State-Action-Reward-State-Action (SARSA)→
• SARSA algorithm is a slight variety of the well-known Q-Learning algorithm.
• For a learning agent in any Reinforcement Learning algorithm it’s policy can be of two
types: -
• On Policy: In this, the learning agent learns the value function as indicated by the
current action derived from the policy currently being used.
• Off Policy: In this, the learning agent learns the value function according to the action
derived from another policy.
• Q-Learning technique is an Off Policy method and uses the greedy way to learn the Q-
value.
• SARSA technique, on the other hand, is an On Policy and uses the action performed by
the current policy to learn the Q-value.
• SARSA is an on-policy algorithm where, in the current state, S an action, A is taken and
the agent gets a reward, R and ends up in next state, S’ and takes action, A’ in S’.
Therefore, the tuple (S, A, R, S’, A’) stands for the acronym SARSA.
• It is called an on-policy algorithm because it updates the policy based on actions taken.

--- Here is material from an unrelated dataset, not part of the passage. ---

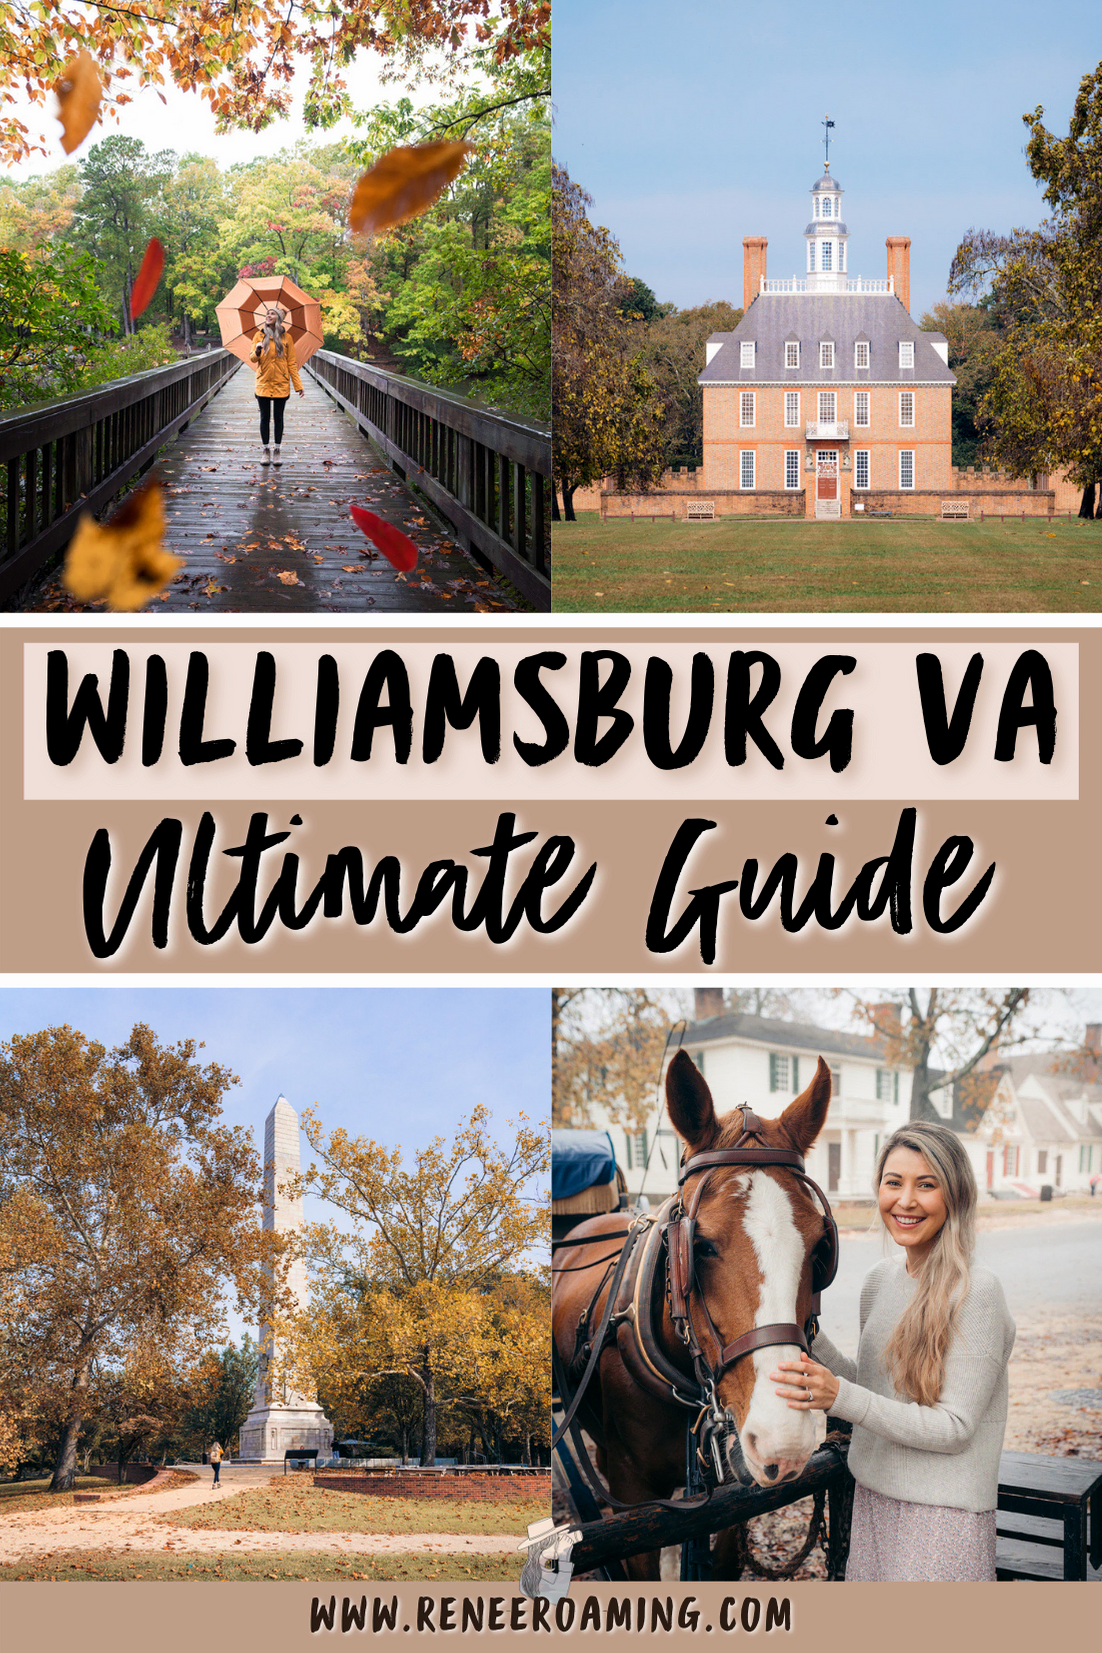 Williamsburg Virginia Guide and Itinerary

An experience in SARSA is of the form ⟨s,a,r,s',a'⟩, which means that the agent was in
state s, did action a, received reward r, and ended up in state s', from which it decided to
do action a'.
This provides a new experience to update Q(s,a). The new value that this experience
provides is r+γQ(s',a').
We will choose the current action At and the next action A(t+1) using the same policy. And
thus, in the state S(t+1), its action will be A(t+1) which is selected while updating the action-
state value of St.
SARSA vs Q-learning→
• The significant distinction among SARSA and Q-Learning, is that the maximum
reward for the following state isn't really utilized for updating the Q-values. Rather, a
new action, and in this manner reward, is chosen utilizing a same policy that decided
the original action.
• In SARSA, the agent begins in state 1, performs action 1, and gets a reward (reward
1). Presently, it’s in state 2 and plays out another action (action 2) and gets the reward
from this state (reward 2) preceding it returns and updates the estimation of activity 1
acted in state 1.
• In contrast, in Q-learning the agent begins in state 1, performs action 1 and gets a
reward (reward 1), and then looks and sees what the maximum possible reward for an
action is in state 2, and uses that to update the action value of performing action 1 in
state 1. So the difference is in the way the future reward is found. In Q-learning it’s
simply the highest possible action that can be taken from state 2, and in SARSA it’s
the value of the actual action that was taken.